As I mentioned, I am going to the BlogHer conference next week and I'm kind of obsessing about it. What to do, who to meet, making sure I open my mouth when I meet them, and what is currently bothering me, what to wear.

When I was in the working world, I was confident wearing pretty much anything. I could dress up or dress down depending on my mood. But since I've been at home, comfort (and washability) is the key when getting dressed. In fact I gave away a lot of my "fancy" "dressy" clothes. I didn't need them because I had nowhere to wear them. Until now.

So now I am pulling everything out of my closet and pulling my hair out in the process. I have two vintage sundresses I want to wear during the day - one is hawaiian retro and the other is very 50s. I love them and I feel comfortable in them so they are in. I'll throw in capri pants and tops for the more casual times.

Footwear is a bit easier. Flats and sandals are all that I own so that is what I'm wearing. I'm tall, I don't need the height.

But the parties are killing me. Dress up or dress down? Fancy dresses or jeans and a nice top?

Or maybe I should just plan my wardrobe around the jewelry I'll be wearing. That might be easier.

Tuesday, July 14, 2009

Busy, Busy

In eight days I leave for the blogging conference, BlogHer. I will be meeting bloggers from all over the country. Bloggers who I read and "know". Bloggers who I read and admire. And bloggers who I have not yet discovered.

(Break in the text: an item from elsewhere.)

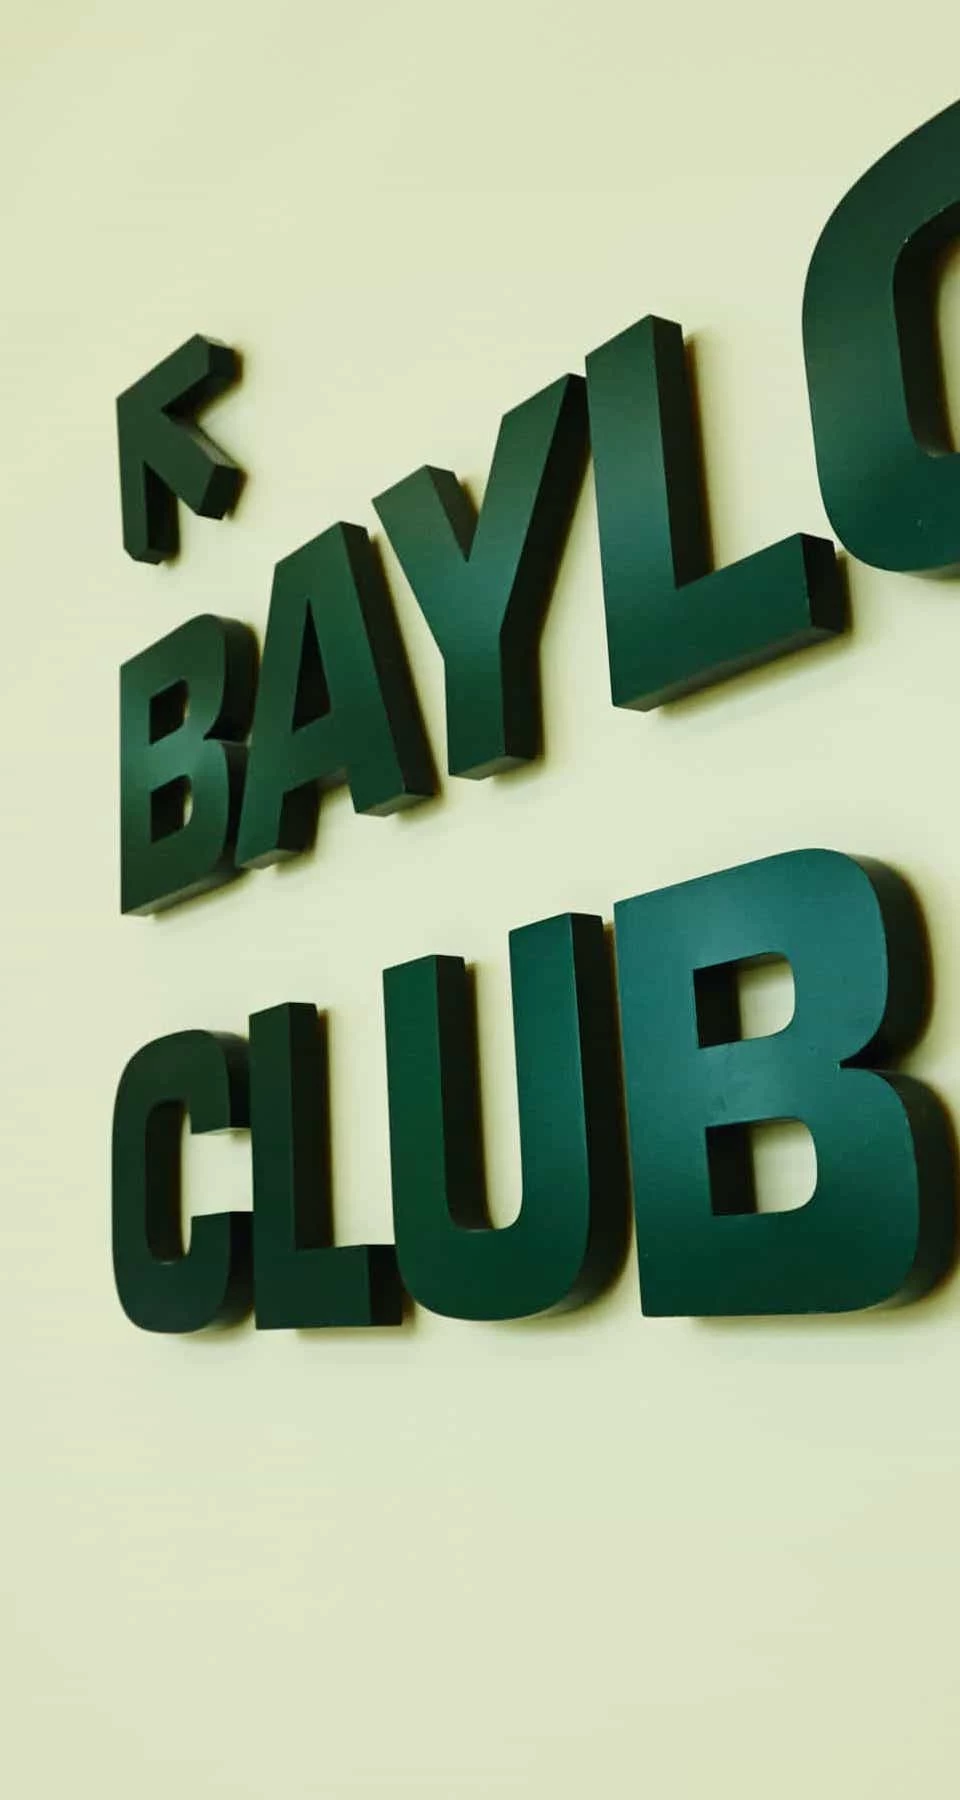 Baylor Club - Entrance

I am relatively new to the blogging game having only started But Why Mommy last May. Many (okay 99%) of the bloggers won't know who I am. I need/want to make a good impression.

In order to make said good impression, I am going to be very busy for the next few days. There are clothes and shoes to buy. Pedicures to be had. Business cards to order. But most importantly I want to make a good impression where it counts, here (and there). I also want to get my Etsy shop in good shape.

So over the next few days, I will be running around like a chicken with my head cut off, trying to make jewelry, post it here, get it in the store. I hope that you like what you see.